Tuesday, July 29, 2014
Inquirer Daily News

Heroes never forgotten

Families and survivors gathered to honor their work 10 years ago in the Battle of Ramadi.

Ramon Barron in Ramadi, April 2004. (FILE: David Swanson/Inquirer Staff)
Ramon Barron in Ramadi, April 2004. (FILE: David Swanson/Inquirer Staff)
Ramon Barron in Ramadi, April 2004. (FILE: David Swanson/Inquirer Staff) Gallery: Battle of Ramadi - 10th Anniversary
Echoes of War Video: Echoes of War

David Swanson is an Inquirer photographer who was embedded with U.S. Marines during the Battle of Ramadi.

Along San Mateo Drive, hundreds of Marines in dress blues lined the road, standing at attention and saluting the Gold Star families of the Battle of Ramadi.

It's been 10 years since April 6, 2004, for the surviving Marines and Navy corpsmen, and families of Second Battalion, Fourth Marine Regiment, known as the Magnificent Bastards.

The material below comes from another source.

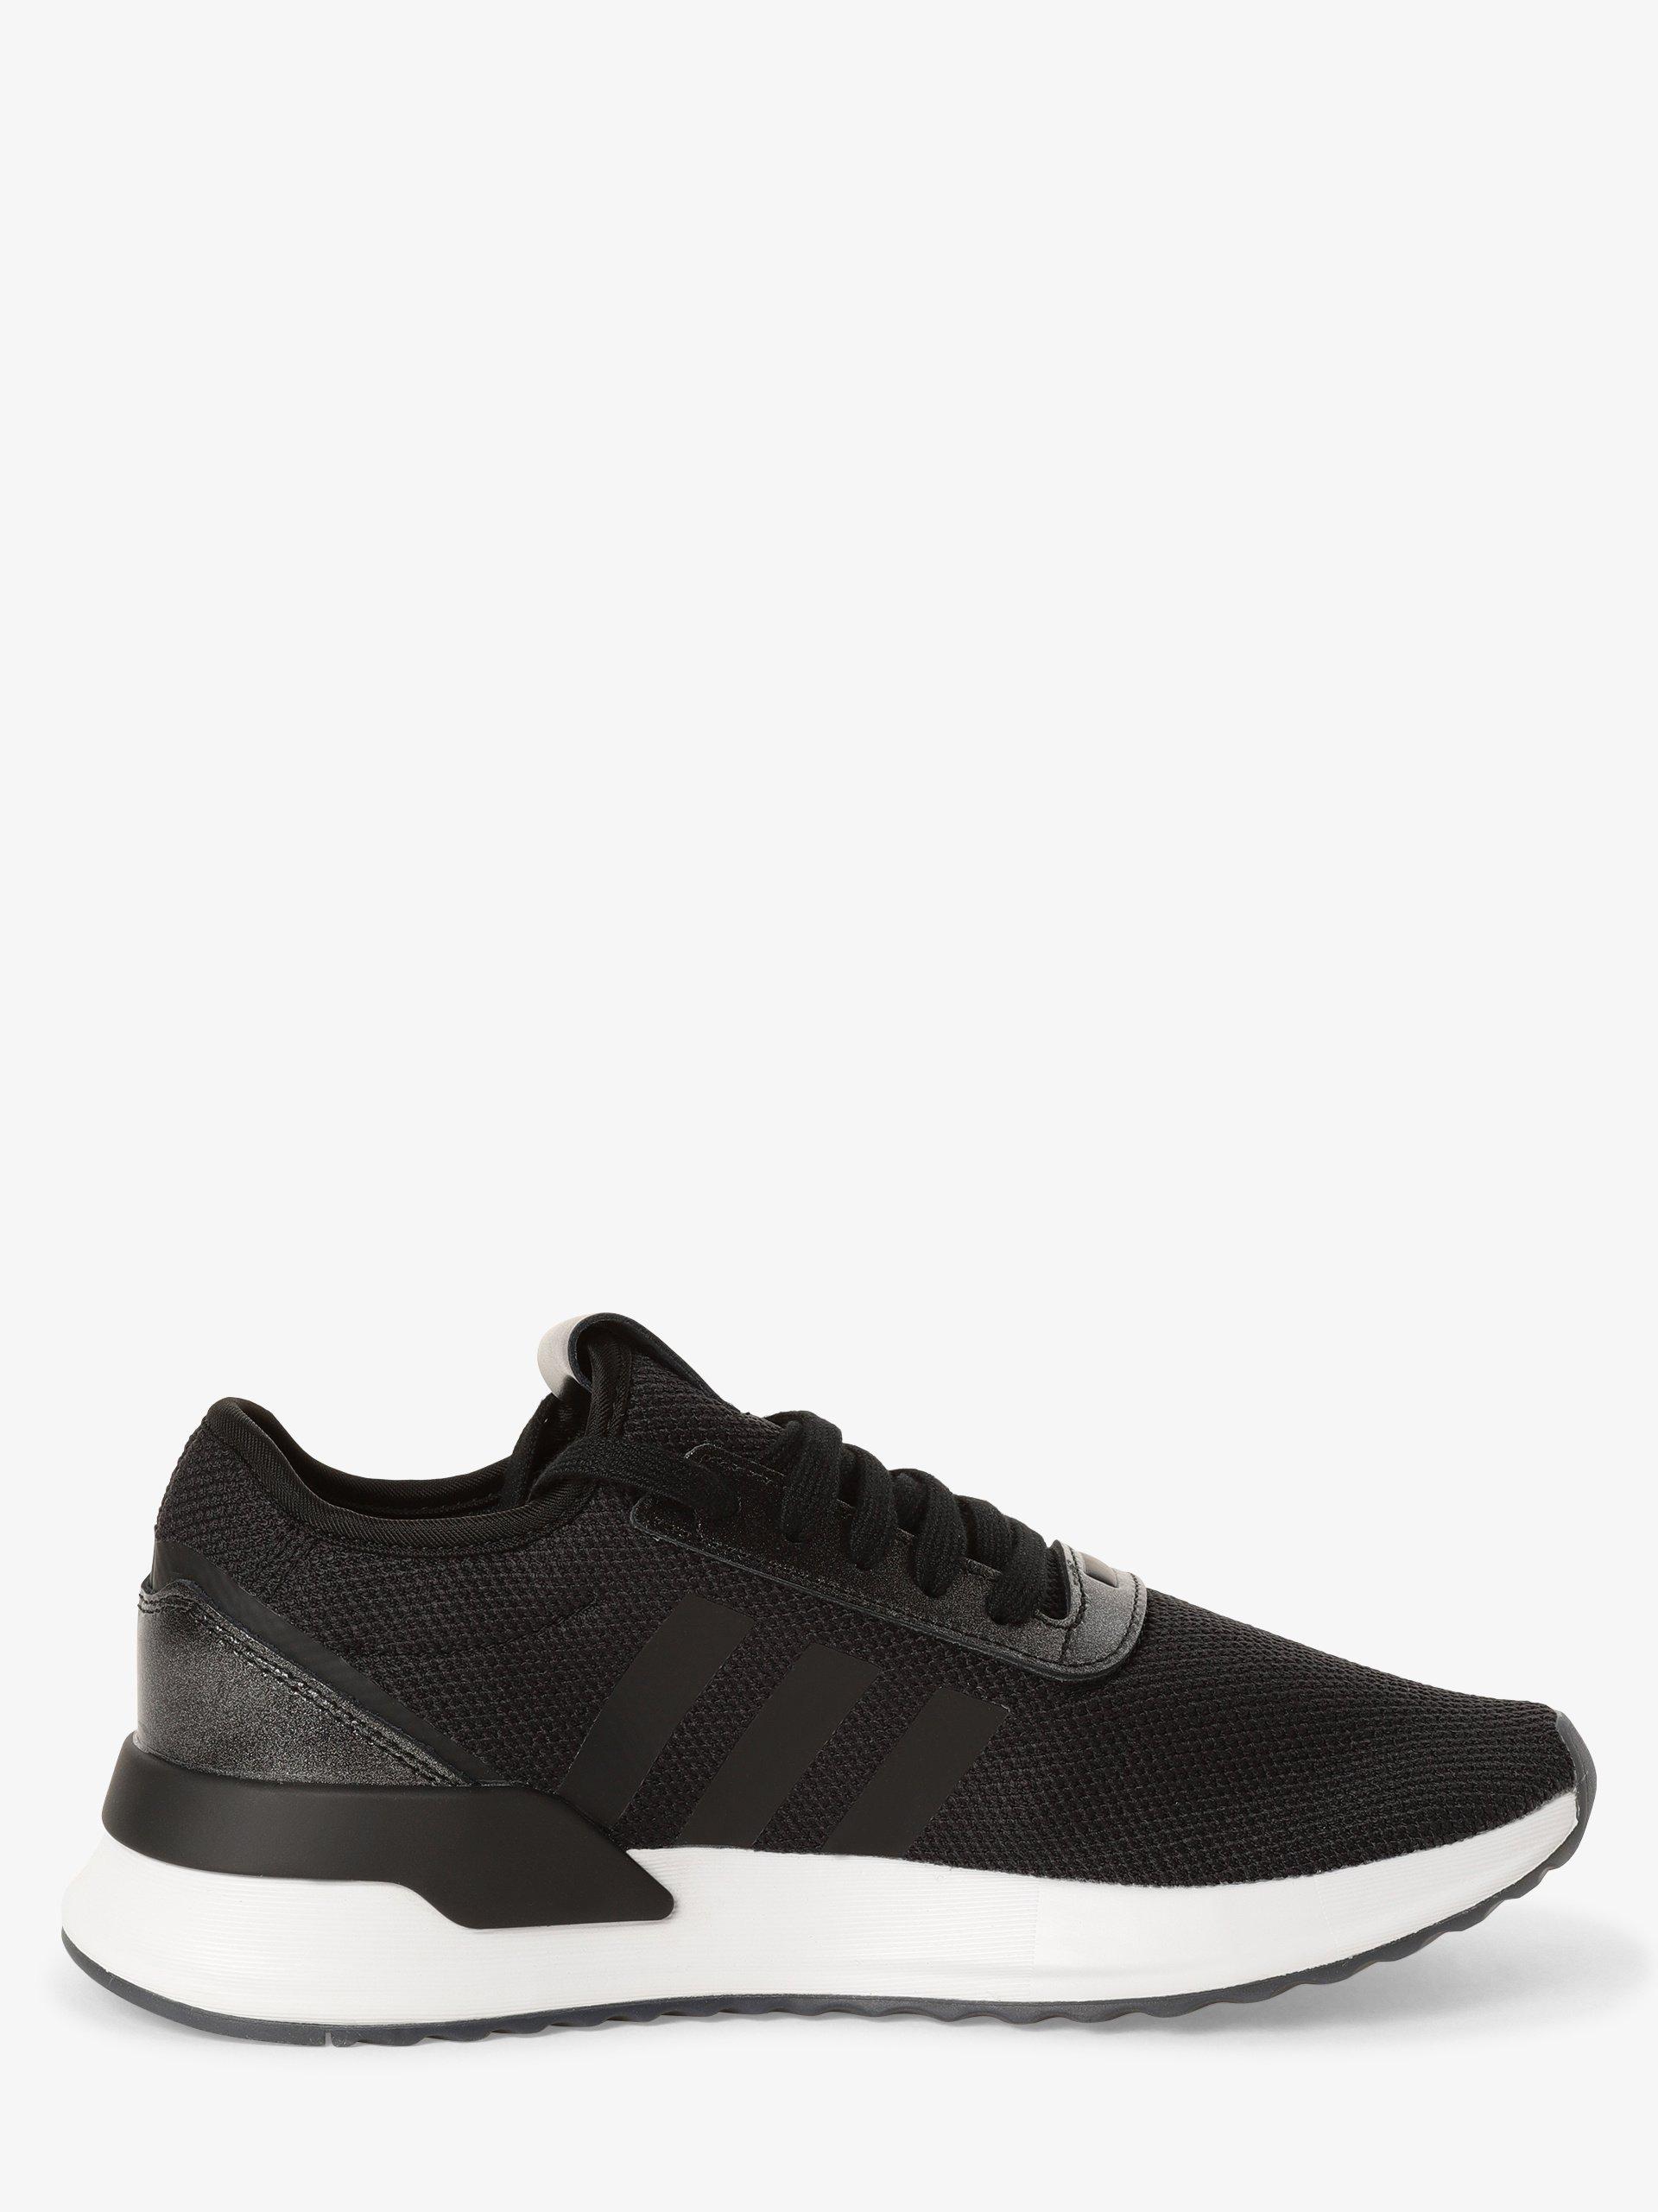 adidas Originals Damen Sneaker - U_Patch X W

But neither the day, nor those lost in the battle, has been forgotten.

Lt. Col. Rob Weiler was Weapons Company commanding officer then. Addressing the gathering last Sunday, his voice tightened as he recalled the battle. He used military terms from that time and place, including Porky, Raider, Reaper, Sledgehammer, Easy Street, Race Track, that brought back memories, and Marine "yut-yuts" and laughs from the attendees.

He also read messages from Sgt. Maj. James Booker, currently stationed in Afghanistan, and Brig. Gen. Paul Kennedy, commanding in Japan, to the several hundred veterans and families gathered at a remembrance ceremony at Camp Pendleton on the Southern California coast.

"Ten years ago today, the Battle of Ramadi commenced in earnest. April 6, 2004, started like every other day as our men executed patrols within sector, relieving security posts, sweeping routes for IEDs, thinking along lines of peace and stability, not street fighting," he said. "Although the Magnificent Bastards had taken some tough casualties in the weeks preceding this fateful day, nothing prepared us for the catastrophe that would kick off heavy combat in what has become Iraq's most notorious city. More American servicemen have been killed in Ramadi than any other city in 12 years of war in Iraq or Afghanistan."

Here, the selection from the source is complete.